A National Security Council spokesperson told VOA that the U.S. will continue discussions with G-20 partners, including Indonesia.
“We will continue to explore participation as Putin’s war continues and we get closer to the G-20 Leaders’ Summit that is still over seven months away,” the spokesperson said.
While there has been solid backing from Europe and the G-7 for Biden’s efforts to hold Russia accountable, support beyond that has been more fractured.
Most notable is G-20 and Quad member, India. New Delhi, reliant on Moscow for military hardware, has abstained from various U.N. votes relating to the conflict.
India’s ambivalence on the Ukraine war is emblematic of Russia’s considerable influence around the world. Washington needs to be mindful of these geopolitical realities, analysts said.
“It’s not going to be as simple as showing the videos of the terrible actions in Ukraine and then the rest of the world will say – yes, Russia is committing war crimes and so forth and that we need to isolate it,” Pomeranz, of the Wilson Center, said.
The Biden administration must also take into account how the war in Ukraine could trigger nonaligned instincts.

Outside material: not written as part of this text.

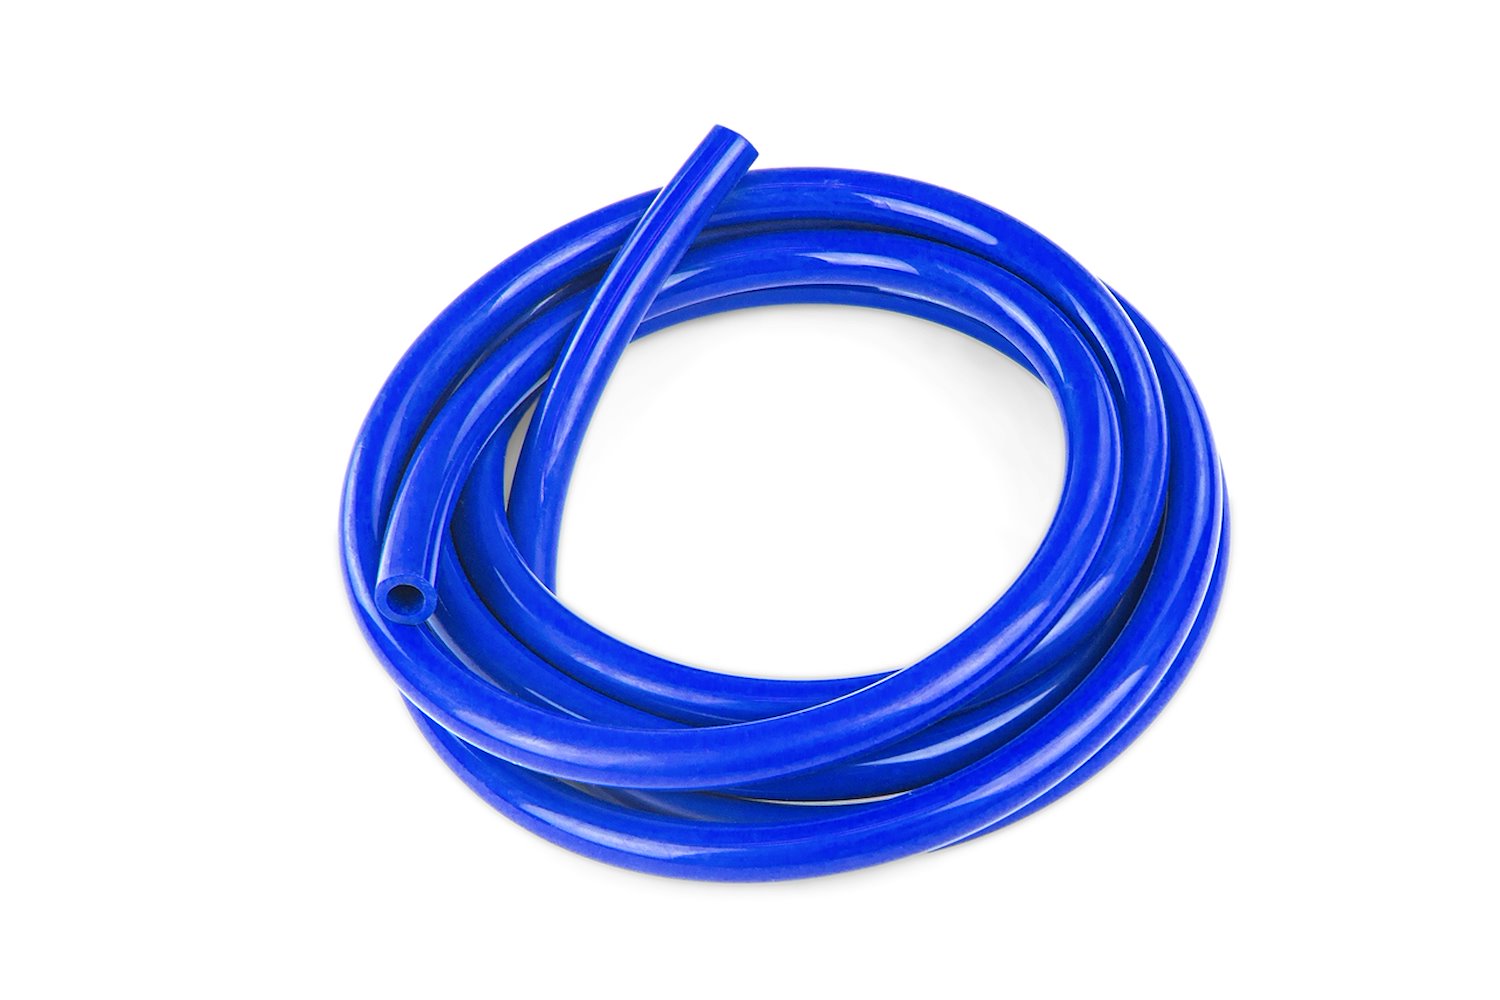 HTSVH3-BLUEx5 High-Temperature Silicone Vacuum Hose Tubing, 1/8 in. ID, 5 ft. Roll, Blue
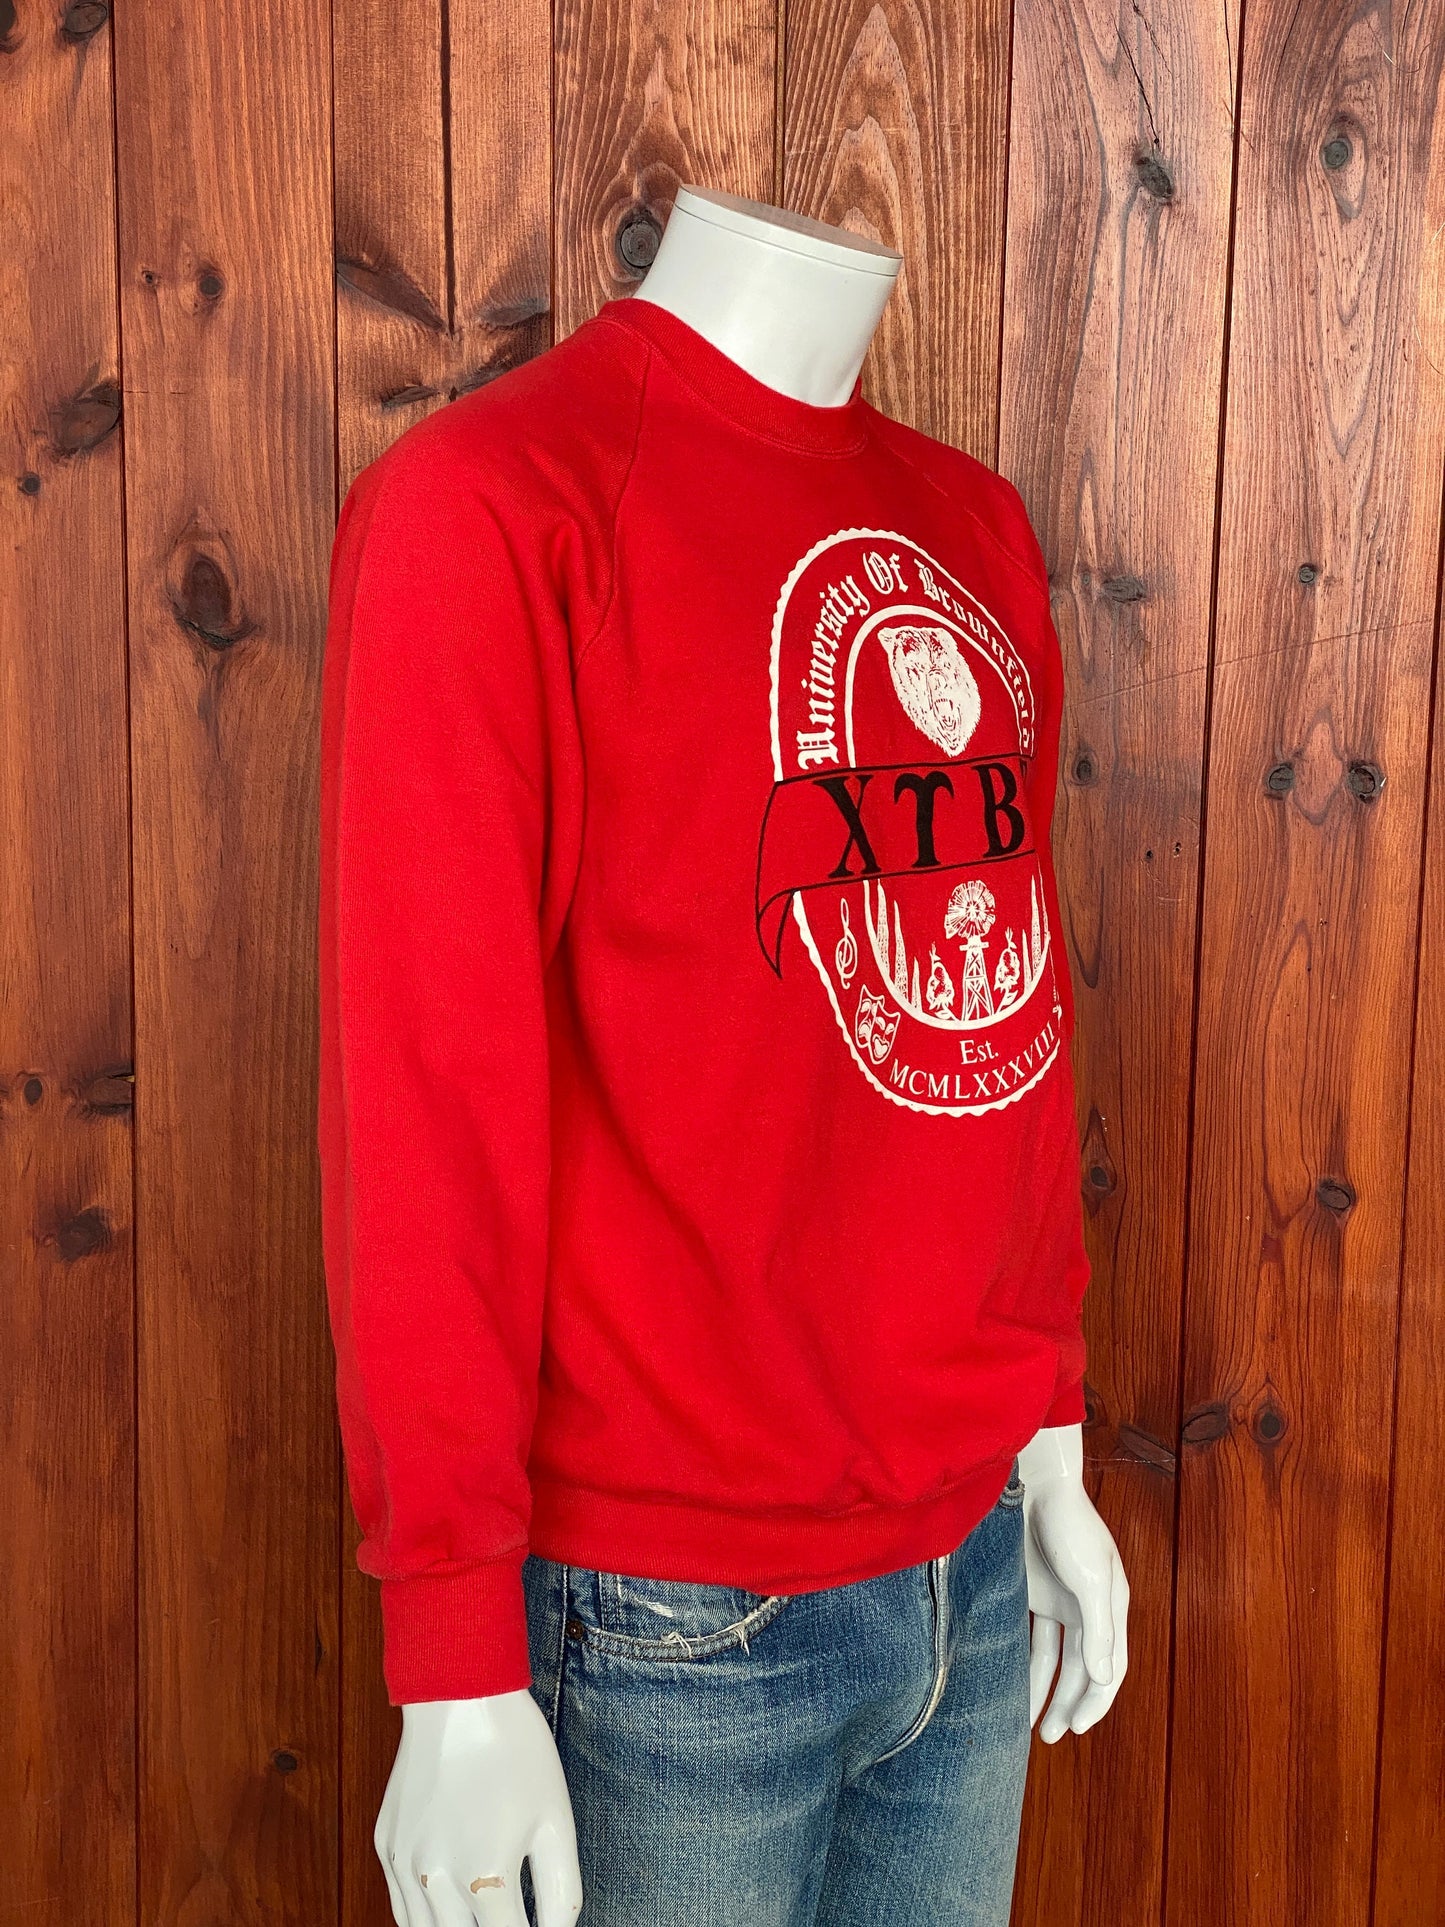 XL. 80s Vintage University of Brownfield sweatshirt Made In USA

“There is a danger if you have a zero-sum competition between these two blocs,” Stewart Patrick, director of the International Institutions and Global Governance Program at the Council on Foreign Relations, told VOA. He noted that many countries loathe their Cold War experience of being treated as pawns in global rivalries.
Perceptions about selectivity of U.S. foreign policy is also a factor, Patrick said. It is problematic for Washington to rally global support against Moscow in light of its own invasion on Iraq and Afghanistan, and the Trump administration’s recognition of Israel’s annexation of the Golan Heights.
“I don’t have any updates on that front,” Psaki told VOA last month when asked if the Biden administration has plans to revoke the recognition.